__RECORD SET__.
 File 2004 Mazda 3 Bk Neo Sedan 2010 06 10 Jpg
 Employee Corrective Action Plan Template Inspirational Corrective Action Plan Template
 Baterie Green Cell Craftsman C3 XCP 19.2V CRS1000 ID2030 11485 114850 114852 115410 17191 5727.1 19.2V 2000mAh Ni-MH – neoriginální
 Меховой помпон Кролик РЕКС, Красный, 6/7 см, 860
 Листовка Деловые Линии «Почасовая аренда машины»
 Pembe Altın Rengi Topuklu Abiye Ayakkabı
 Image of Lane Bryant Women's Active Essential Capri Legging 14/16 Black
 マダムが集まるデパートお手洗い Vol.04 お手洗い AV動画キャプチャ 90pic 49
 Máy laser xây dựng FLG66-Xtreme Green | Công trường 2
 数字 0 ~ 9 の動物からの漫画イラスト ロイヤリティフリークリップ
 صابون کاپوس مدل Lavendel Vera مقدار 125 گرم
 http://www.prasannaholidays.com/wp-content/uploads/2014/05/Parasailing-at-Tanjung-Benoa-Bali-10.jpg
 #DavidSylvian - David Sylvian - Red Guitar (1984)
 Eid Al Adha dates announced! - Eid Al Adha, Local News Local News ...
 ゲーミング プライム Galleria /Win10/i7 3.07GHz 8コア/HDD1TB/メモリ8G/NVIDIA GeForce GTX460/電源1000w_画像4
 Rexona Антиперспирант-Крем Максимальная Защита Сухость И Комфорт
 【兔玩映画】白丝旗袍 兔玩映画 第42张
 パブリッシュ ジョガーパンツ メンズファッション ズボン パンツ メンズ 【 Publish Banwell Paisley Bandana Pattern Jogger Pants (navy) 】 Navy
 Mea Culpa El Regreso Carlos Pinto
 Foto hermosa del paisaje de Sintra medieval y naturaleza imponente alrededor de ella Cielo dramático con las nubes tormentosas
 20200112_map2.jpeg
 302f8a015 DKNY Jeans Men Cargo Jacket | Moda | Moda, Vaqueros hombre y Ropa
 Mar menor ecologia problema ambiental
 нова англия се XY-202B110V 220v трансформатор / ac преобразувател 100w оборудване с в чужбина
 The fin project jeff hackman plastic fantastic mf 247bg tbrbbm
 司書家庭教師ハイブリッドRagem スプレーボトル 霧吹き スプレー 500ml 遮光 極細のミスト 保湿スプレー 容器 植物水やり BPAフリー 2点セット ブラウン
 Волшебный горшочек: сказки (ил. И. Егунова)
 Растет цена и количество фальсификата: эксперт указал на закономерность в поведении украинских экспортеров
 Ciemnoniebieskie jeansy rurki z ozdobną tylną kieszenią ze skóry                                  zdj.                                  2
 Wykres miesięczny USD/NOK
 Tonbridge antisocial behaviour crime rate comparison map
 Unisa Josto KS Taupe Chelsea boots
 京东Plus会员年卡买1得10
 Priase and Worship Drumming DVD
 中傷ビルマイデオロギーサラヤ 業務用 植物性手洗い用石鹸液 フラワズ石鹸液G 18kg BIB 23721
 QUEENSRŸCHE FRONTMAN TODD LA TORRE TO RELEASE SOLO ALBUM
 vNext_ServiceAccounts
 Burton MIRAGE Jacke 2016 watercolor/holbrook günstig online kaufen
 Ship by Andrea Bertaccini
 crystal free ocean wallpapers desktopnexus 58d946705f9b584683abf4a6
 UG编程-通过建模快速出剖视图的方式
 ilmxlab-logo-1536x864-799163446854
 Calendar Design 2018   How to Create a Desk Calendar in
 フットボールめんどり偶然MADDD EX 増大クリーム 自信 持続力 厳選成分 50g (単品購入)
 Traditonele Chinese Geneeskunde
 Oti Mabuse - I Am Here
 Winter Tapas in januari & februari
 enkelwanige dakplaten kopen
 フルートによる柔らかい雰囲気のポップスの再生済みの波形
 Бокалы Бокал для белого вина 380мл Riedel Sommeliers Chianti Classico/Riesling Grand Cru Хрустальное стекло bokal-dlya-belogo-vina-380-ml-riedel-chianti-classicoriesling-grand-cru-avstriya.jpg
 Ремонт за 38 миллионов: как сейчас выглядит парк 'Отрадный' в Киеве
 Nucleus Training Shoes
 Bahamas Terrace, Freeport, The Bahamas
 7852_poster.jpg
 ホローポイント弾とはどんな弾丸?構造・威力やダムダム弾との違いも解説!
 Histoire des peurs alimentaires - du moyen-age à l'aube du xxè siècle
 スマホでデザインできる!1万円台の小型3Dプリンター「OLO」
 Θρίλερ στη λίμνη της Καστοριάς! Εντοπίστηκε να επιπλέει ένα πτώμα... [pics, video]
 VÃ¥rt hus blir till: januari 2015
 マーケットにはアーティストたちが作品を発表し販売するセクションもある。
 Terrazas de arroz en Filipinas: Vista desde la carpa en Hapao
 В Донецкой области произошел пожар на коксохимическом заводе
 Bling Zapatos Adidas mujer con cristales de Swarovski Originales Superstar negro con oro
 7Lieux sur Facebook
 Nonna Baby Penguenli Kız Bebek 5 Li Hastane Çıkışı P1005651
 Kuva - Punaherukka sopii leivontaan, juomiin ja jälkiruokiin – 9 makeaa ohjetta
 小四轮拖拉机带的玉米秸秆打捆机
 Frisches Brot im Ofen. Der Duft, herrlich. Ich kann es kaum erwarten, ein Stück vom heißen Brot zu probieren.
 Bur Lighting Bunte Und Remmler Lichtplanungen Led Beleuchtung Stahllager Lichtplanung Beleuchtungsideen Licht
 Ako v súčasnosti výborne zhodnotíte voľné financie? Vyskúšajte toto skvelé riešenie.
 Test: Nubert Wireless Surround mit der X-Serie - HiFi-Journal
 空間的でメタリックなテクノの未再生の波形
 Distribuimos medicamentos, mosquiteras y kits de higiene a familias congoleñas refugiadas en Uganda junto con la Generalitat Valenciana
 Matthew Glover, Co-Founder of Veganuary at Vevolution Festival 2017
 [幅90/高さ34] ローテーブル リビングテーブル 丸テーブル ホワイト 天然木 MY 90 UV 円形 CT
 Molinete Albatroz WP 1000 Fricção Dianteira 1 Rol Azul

__EXERCISE BRIEF__. Every entry above should be written out again, precisely.

__REPLY TO THE EXERCISE__.
 File 2004 Mazda 3 Bk Neo Sedan 2010 06 10 Jpg
 Employee Corrective Action Plan Template Inspirational Corrective Action Plan Template
 Baterie Green Cell Craftsman C3 XCP 19.2V CRS1000 ID2030 11485 114850 114852 115410 17191 5727.1 19.2V 2000mAh Ni-MH – neoriginální
 Меховой помпон Кролик РЕКС, Красный, 6/7 см, 860
 Листовка Деловые Линии «Почасовая аренда машины»
 Pembe Altın Rengi Topuklu Abiye Ayakkabı
 Image of Lane Bryant Women's Active Essential Capri Legging 14/16 Black
 マダムが集まるデパートお手洗い Vol.04 お手洗い AV動画キャプチャ 90pic 49
 Máy laser xây dựng FLG66-Xtreme Green | Công trường 2
 数字 0 ~ 9 の動物からの漫画イラスト ロイヤリティフリークリップ
 صابون کاپوس مدل Lavendel Vera مقدار 125 گرم
 http://www.prasannaholidays.com/wp-content/uploads/2014/05/Parasailing-at-Tanjung-Benoa-Bali-10.jpg
 #DavidSylvian - David Sylvian - Red Guitar (1984)
 Eid Al Adha dates announced! - Eid Al Adha, Local News Local News ...
 ゲーミング プライム Galleria /Win10/i7 3.07GHz 8コア/HDD1TB/メモリ8G/NVIDIA GeForce GTX460/電源1000w_画像4
 Rexona Антиперспирант-Крем Максимальная Защита Сухость И Комфорт
 【兔玩映画】白丝旗袍 兔玩映画 第42张
 パブリッシュ ジョガーパンツ メンズファッション ズボン パンツ メンズ 【 Publish Banwell Paisley Bandana Pattern Jogger Pants (navy) 】 Navy
 Mea Culpa El Regreso Carlos Pinto
 Foto hermosa del paisaje de Sintra medieval y naturaleza imponente alrededor de ella Cielo dramático con las nubes tormentosas
 20200112_map2.jpeg
 302f8a015 DKNY Jeans Men Cargo Jacket | Moda | Moda, Vaqueros hombre y Ropa
 Mar menor ecologia problema ambiental
 нова англия се XY-202B110V 220v трансформатор / ac преобразувател 100w оборудване с в чужбина
 The fin project jeff hackman plastic fantastic mf 247bg tbrbbm
 司書家庭教師ハイブリッドRagem スプレーボトル 霧吹き スプレー 500ml 遮光 極細のミスト 保湿スプレー 容器 植物水やり BPAフリー 2点セット ブラウン
 Волшебный горшочек: сказки (ил. И. Егунова)
 Растет цена и количество фальсификата: эксперт указал на закономерность в поведении украинских экспортеров
 Ciemnoniebieskie jeansy rurki z ozdobną tylną kieszenią ze skóry                                  zdj.                                  2
 Wykres miesięczny USD/NOK
 Tonbridge antisocial behaviour crime rate comparison map
 Unisa Josto KS Taupe Chelsea boots
 京东Plus会员年卡买1得10
 Priase and Worship Drumming DVD
 中傷ビルマイデオロギーサラヤ 業務用 植物性手洗い用石鹸液 フラワズ石鹸液G 18kg BIB 23721
 QUEENSRŸCHE FRONTMAN TODD LA TORRE TO RELEASE SOLO ALBUM
 vNext_ServiceAccounts
 Burton MIRAGE Jacke 2016 watercolor/holbrook günstig online kaufen
 Ship by Andrea Bertaccini
 crystal free ocean wallpapers desktopnexus 58d946705f9b584683abf4a6
 UG编程-通过建模快速出剖视图的方式
 ilmxlab-logo-1536x864-799163446854
 Calendar Design 2018   How to Create a Desk Calendar in
 フットボールめんどり偶然MADDD EX 増大クリーム 自信 持続力 厳選成分 50g (単品購入)
 Traditonele Chinese Geneeskunde
 Oti Mabuse - I Am Here
 Winter Tapas in januari & februari
 enkelwanige dakplaten kopen
 フルートによる柔らかい雰囲気のポップスの再生済みの波形
 Бокалы Бокал для белого вина 380мл Riedel Sommeliers Chianti Classico/Riesling Grand Cru Хрустальное стекло bokal-dlya-belogo-vina-380-ml-riedel-chianti-classicoriesling-grand-cru-avstriya.jpg
 Ремонт за 38 миллионов: как сейчас выглядит парк 'Отрадный' в Киеве
 Nucleus Training Shoes
 Bahamas Terrace, Freeport, The Bahamas
 7852_poster.jpg
 ホローポイント弾とはどんな弾丸?構造・威力やダムダム弾との違いも解説!
 Histoire des peurs alimentaires - du moyen-age à l'aube du xxè siècle
 スマホでデザインできる!1万円台の小型3Dプリンター「OLO」
 Θρίλερ στη λίμνη της Καστοριάς! Εντοπίστηκε να επιπλέει ένα πτώμα... [pics, video]
 VÃ¥rt hus blir till: januari 2015
 マーケットにはアーティストたちが作品を発表し販売するセクションもある。
 Terrazas de arroz en Filipinas: Vista desde la carpa en Hapao
 В Донецкой области произошел пожар на коксохимическом заводе
 Bling Zapatos Adidas mujer con cristales de Swarovski Originales Superstar negro con oro
 7Lieux sur Facebook
 Nonna Baby Penguenli Kız Bebek 5 Li Hastane Çıkışı P1005651
 Kuva - Punaherukka sopii leivontaan, juomiin ja jälkiruokiin – 9 makeaa ohjetta
 小四轮拖拉机带的玉米秸秆打捆机
 Frisches Brot im Ofen. Der Duft, herrlich. Ich kann es kaum erwarten, ein Stück vom heißen Brot zu probieren.
 Bur Lighting Bunte Und Remmler Lichtplanungen Led Beleuchtung Stahllager Lichtplanung Beleuchtungsideen Licht
 Ako v súčasnosti výborne zhodnotíte voľné financie? Vyskúšajte toto skvelé riešenie.
 Test: Nubert Wireless Surround mit der X-Serie - HiFi-Journal
 空間的でメタリックなテクノの未再生の波形
 Distribuimos medicamentos, mosquiteras y kits de higiene a familias congoleñas refugiadas en Uganda junto con la Generalitat Valenciana
 Matthew Glover, Co-Founder of Veganuary at Vevolution Festival 2017
 [幅90/高さ34] ローテーブル リビングテーブル 丸テーブル ホワイト 天然木 MY 90 UV 円形 CT
 Molinete Albatroz WP 1000 Fricção Dianteira 1 Rol Azul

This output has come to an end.